_Collected data_.
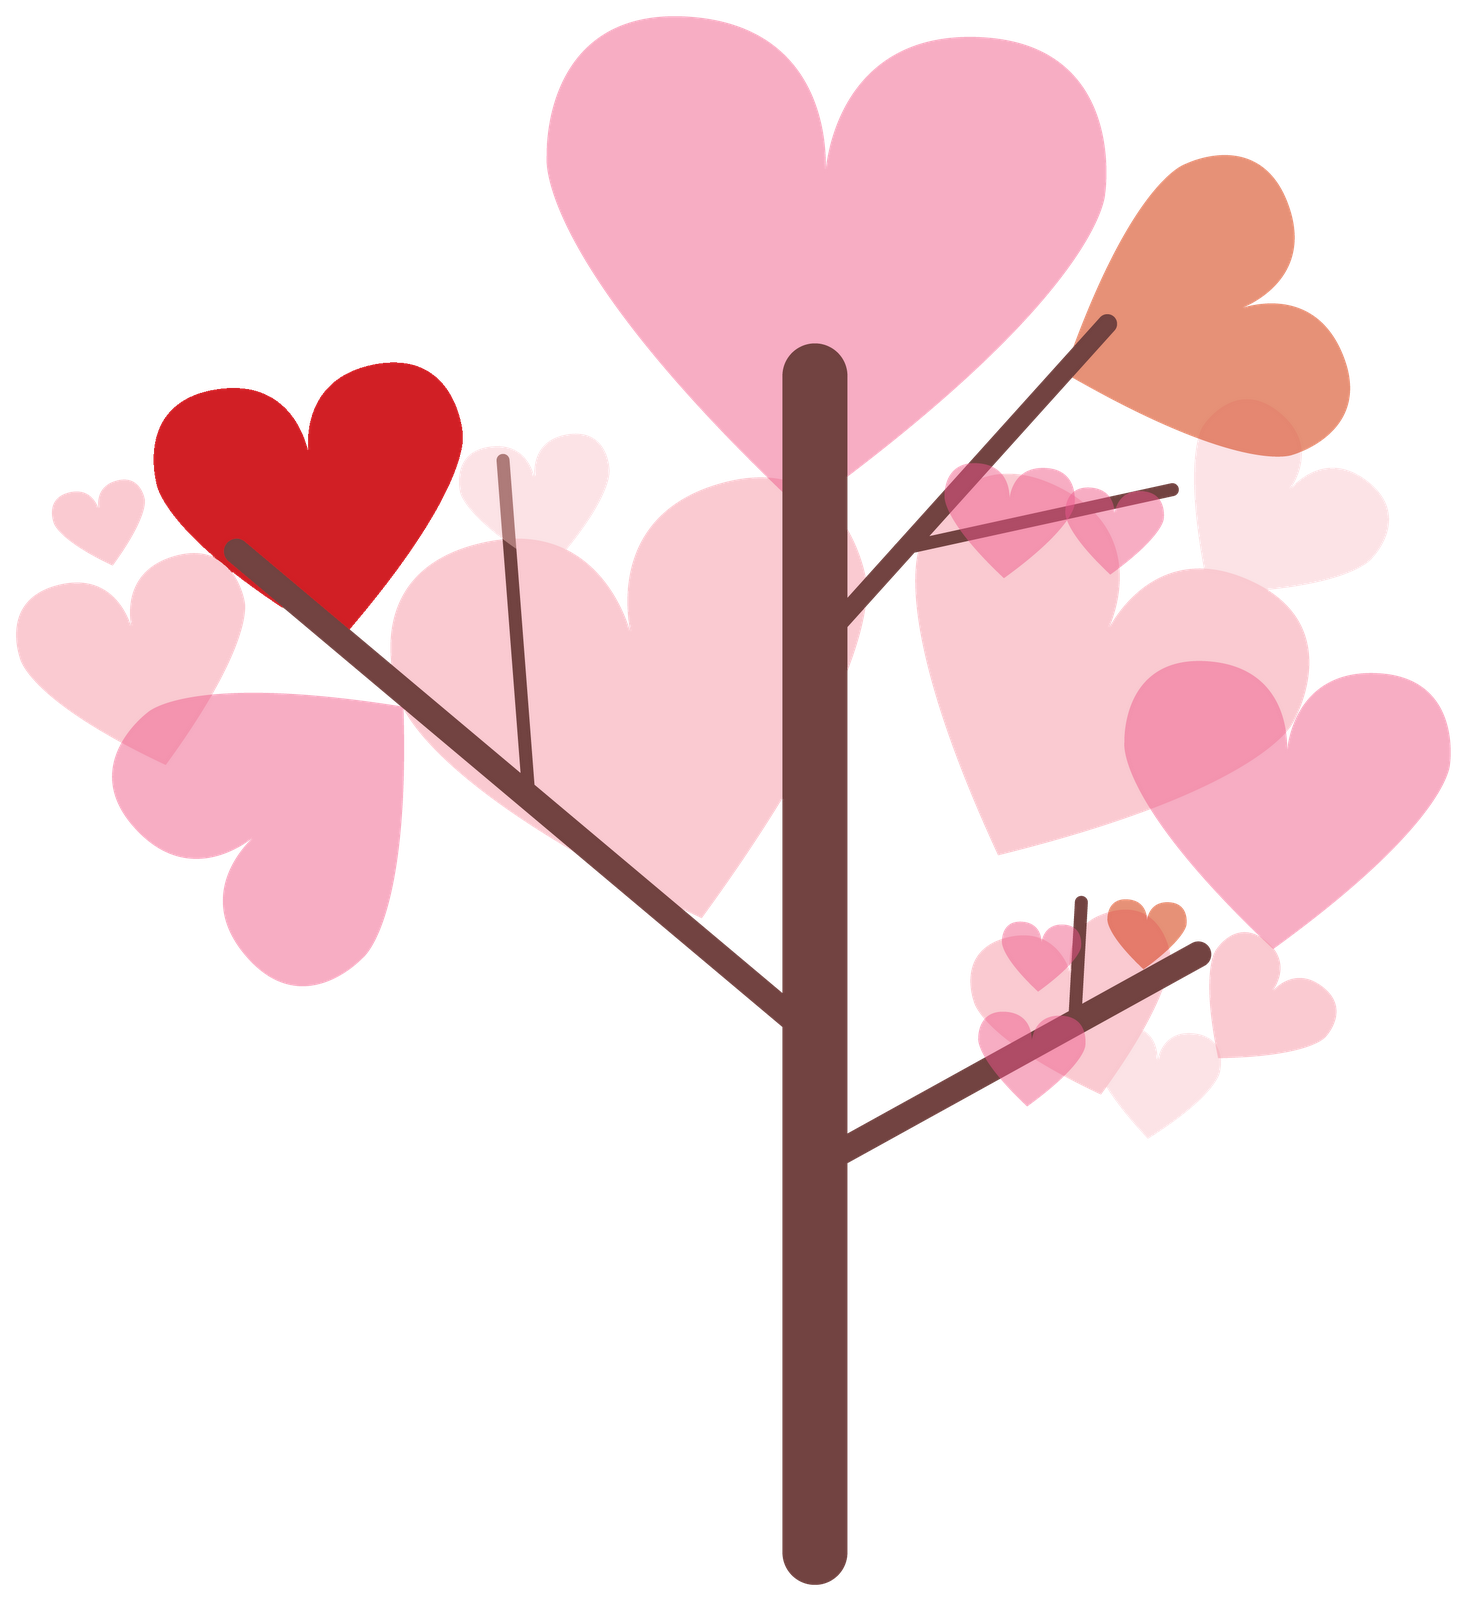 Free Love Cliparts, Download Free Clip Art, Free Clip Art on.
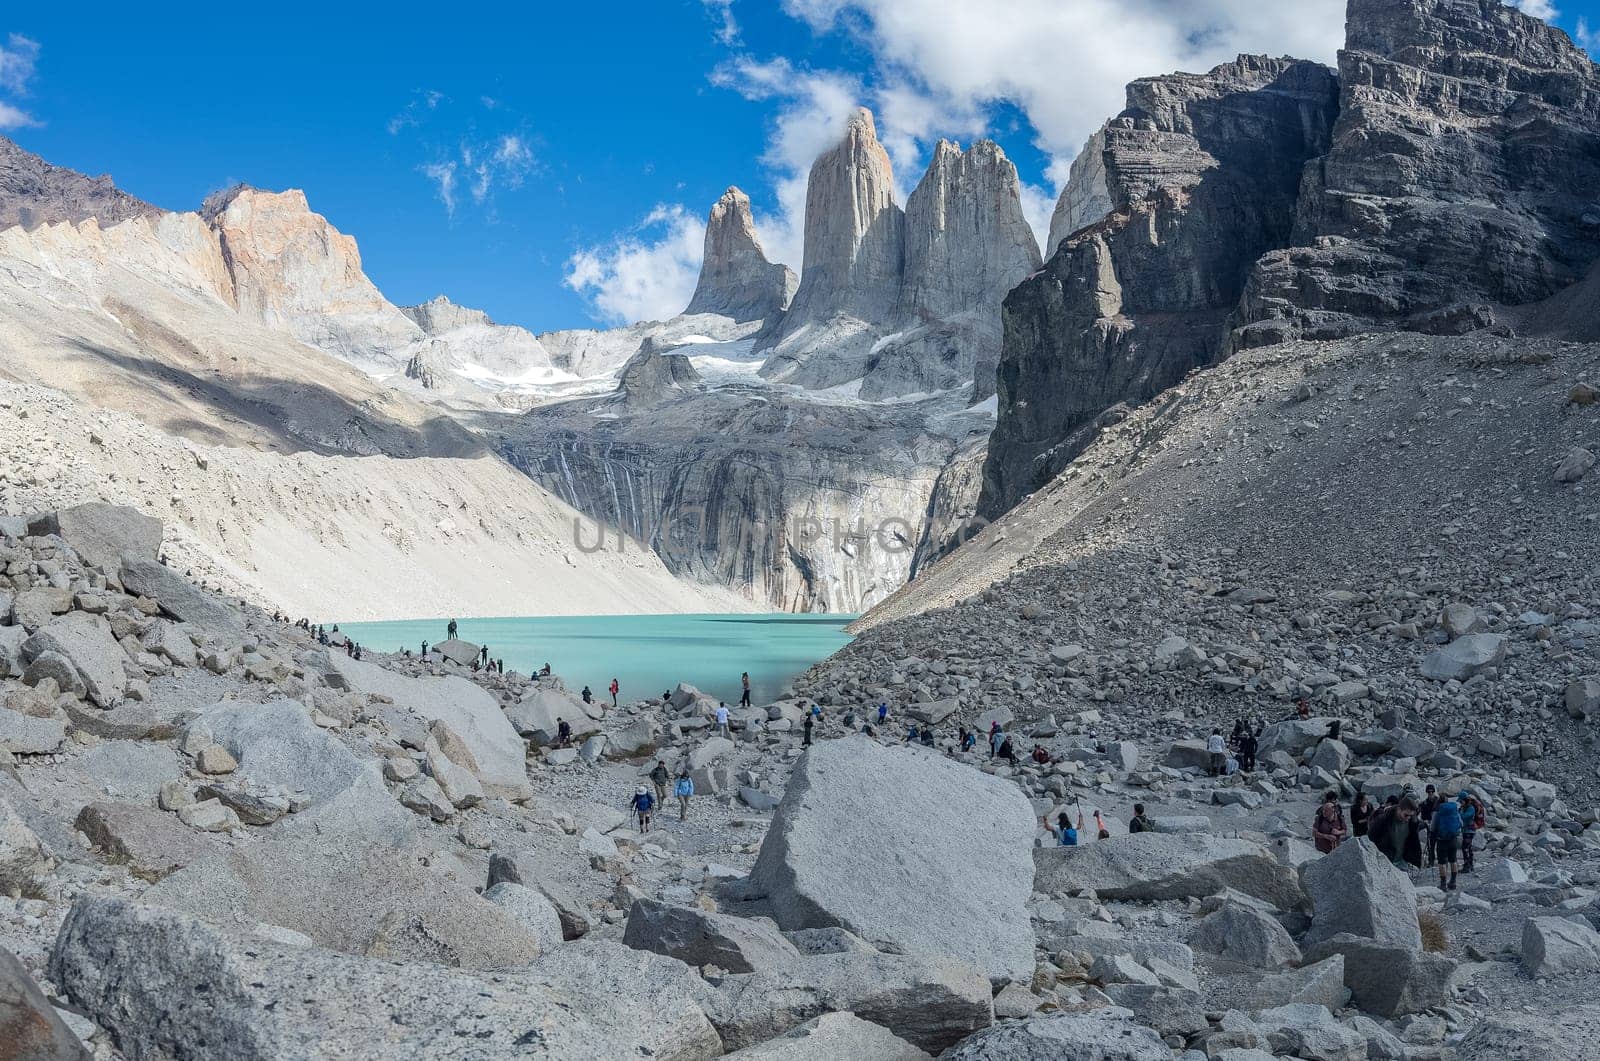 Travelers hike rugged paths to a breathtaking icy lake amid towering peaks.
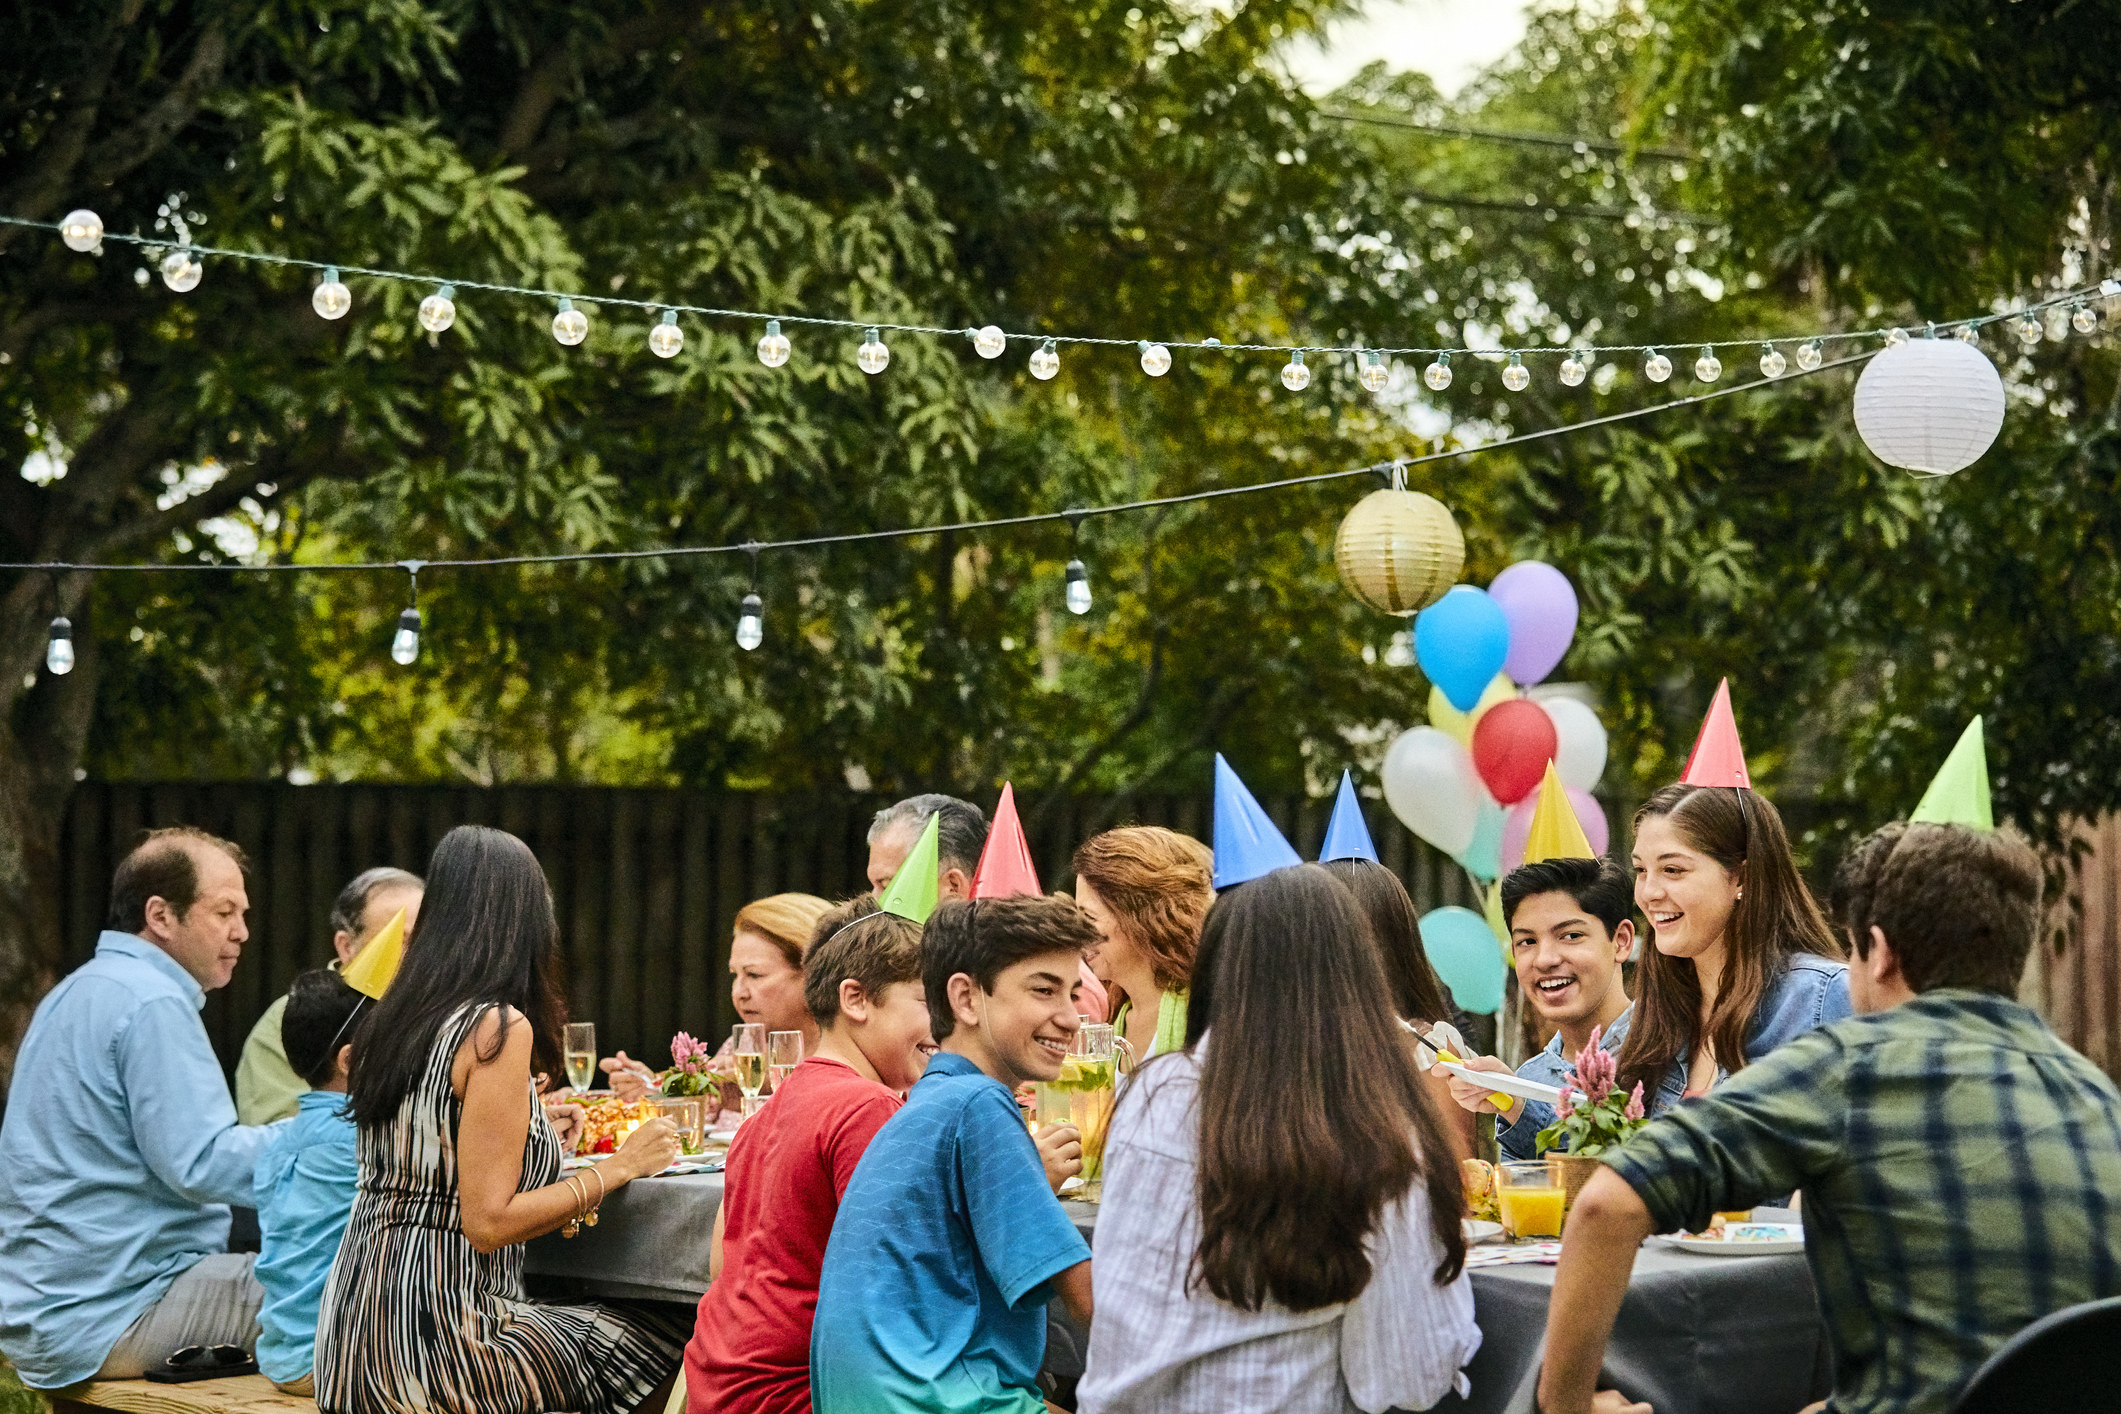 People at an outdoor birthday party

_Work to complete_. Omit the pictures and output all remaining material exactly.

_Finished task_.
 Free Love Cliparts, Download Free Clip Art, Free Clip Art on.
 Travelers hike rugged paths to a breathtaking icy lake amid towering peaks.
 People at an outdoor birthday party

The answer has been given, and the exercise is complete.